Meandering through the meadow along the designated trail, I came across patches of several other species of flowers. Swathes of tiny white ball shaped flower locally known as ‘gend’ owing to the shape or Eriocaulon Sedgewicki spread out like scattered pearls in the greens. Few pink flowers of ‘Law’s Balsam’ or ‘terda’ in Marathi could be seen among the denser patches of yellow flowers.
A few enthusiasts who had visited the plateau few days ago were surprised to find yellow blooms replacing the pink ‘Terda’. It was amusing to know that the landscape changed colours like a chameleon every few days. The naturalist in the group enlightened us that ‘Terda’ was a sensitive flower and shrivelled faster if rain hit after it blossomed.

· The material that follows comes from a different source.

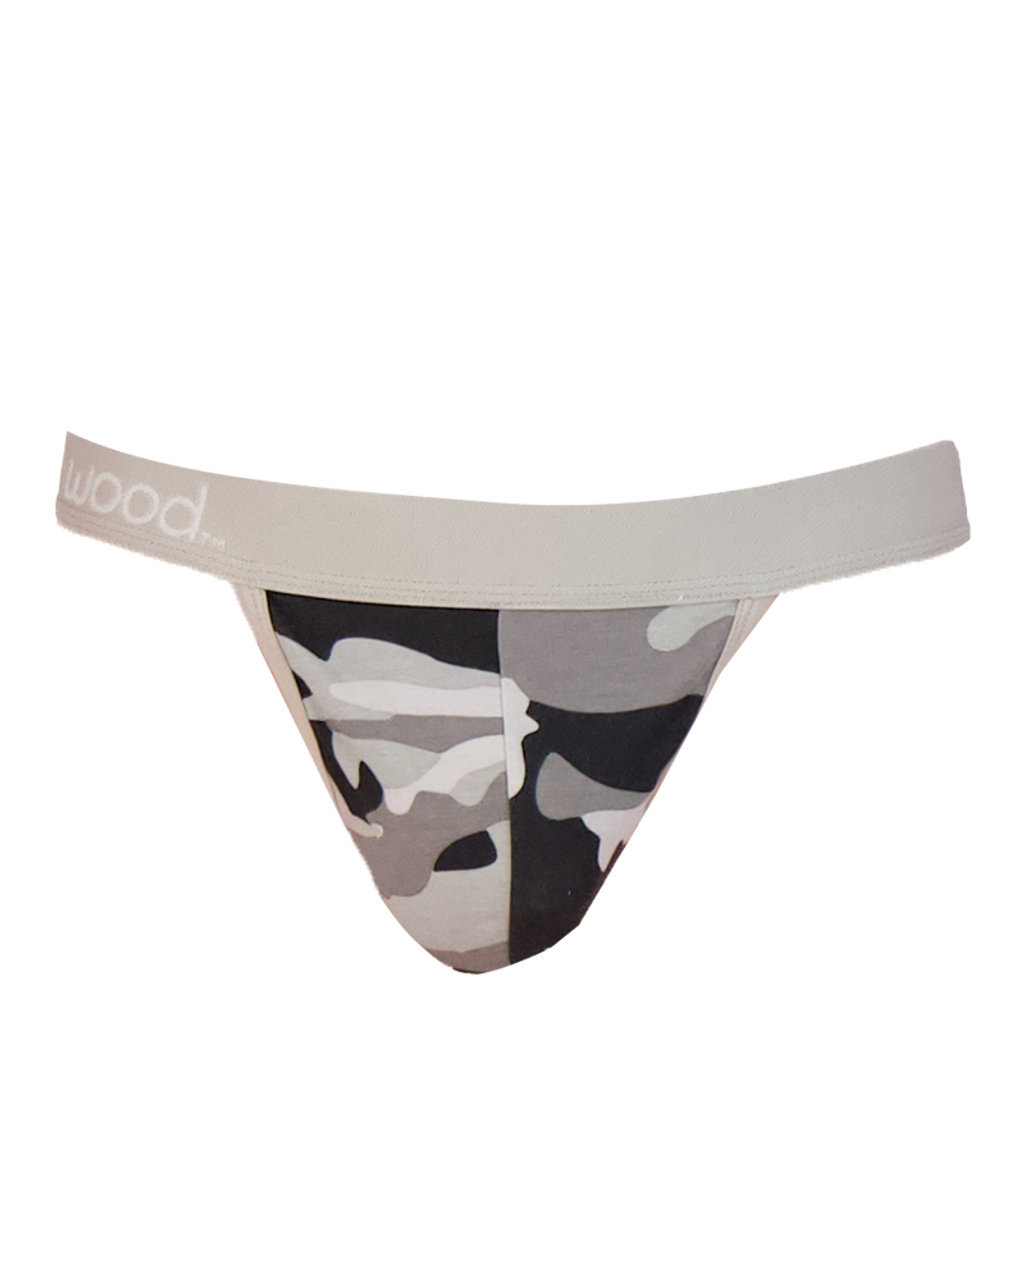 Thong in Ghost Camo by Wood Underwear

A lone plant with bell-like purple-blue flowers Strobilanthes Sessilis, commonly called ‘Topli karvi’ looks like an inverted basket. The rare plant flowers once in seven to eight years. At Kaas Plateau, the mass flowering of this small plant had been previous year. It was by pure luck that I chanced upon a late bloomer and could photograph it. Those flowers would now probably bloom in another four years.
While I missed out on seeing some rare poisonous carnivorous flowers, I did come across wild brinjal plant that had big purple thorns on the leaves and wild turmeric flower that looked like soft brush and hence called ‘chanvar’.
There were few patches of delicate blue flowers popularly named ‘Sita’s tears’ for white teardrop-shaped dot on petals. The flowers, as Prerna Agarwal, ecologist and founder of Ecosphere Connect, a biodiversity conservation venture, explains, are indigenous to the plateau and extremely sensitive to footfall.
Among the little balls of sedgewickis also stood a delicate thin branch bearing tiny dull brownish white inconspicuous flowers. The flowers looked like a string of tiny lights and are locally called ‘deep-kadi’ derived from its botanical name ‘Dipcadi montanum’. There were more such wild flowers. Most of these very small in size, at every few paces.
Kaas Pathar has experienced extensive tourism in the past few years and is suffering from unruly and irresponsible visitors who have no knowledge or compassion towards conservation of such vulnerable natural heritage. Though the forest department along with village committee has taken steps like limiting the number of visitors per day or charging a minimal entrance fee and earmarking specific pathways through the meadow but it literally is in our hands to consciously preserve the gift of nature or we may lose the unique landscape forever.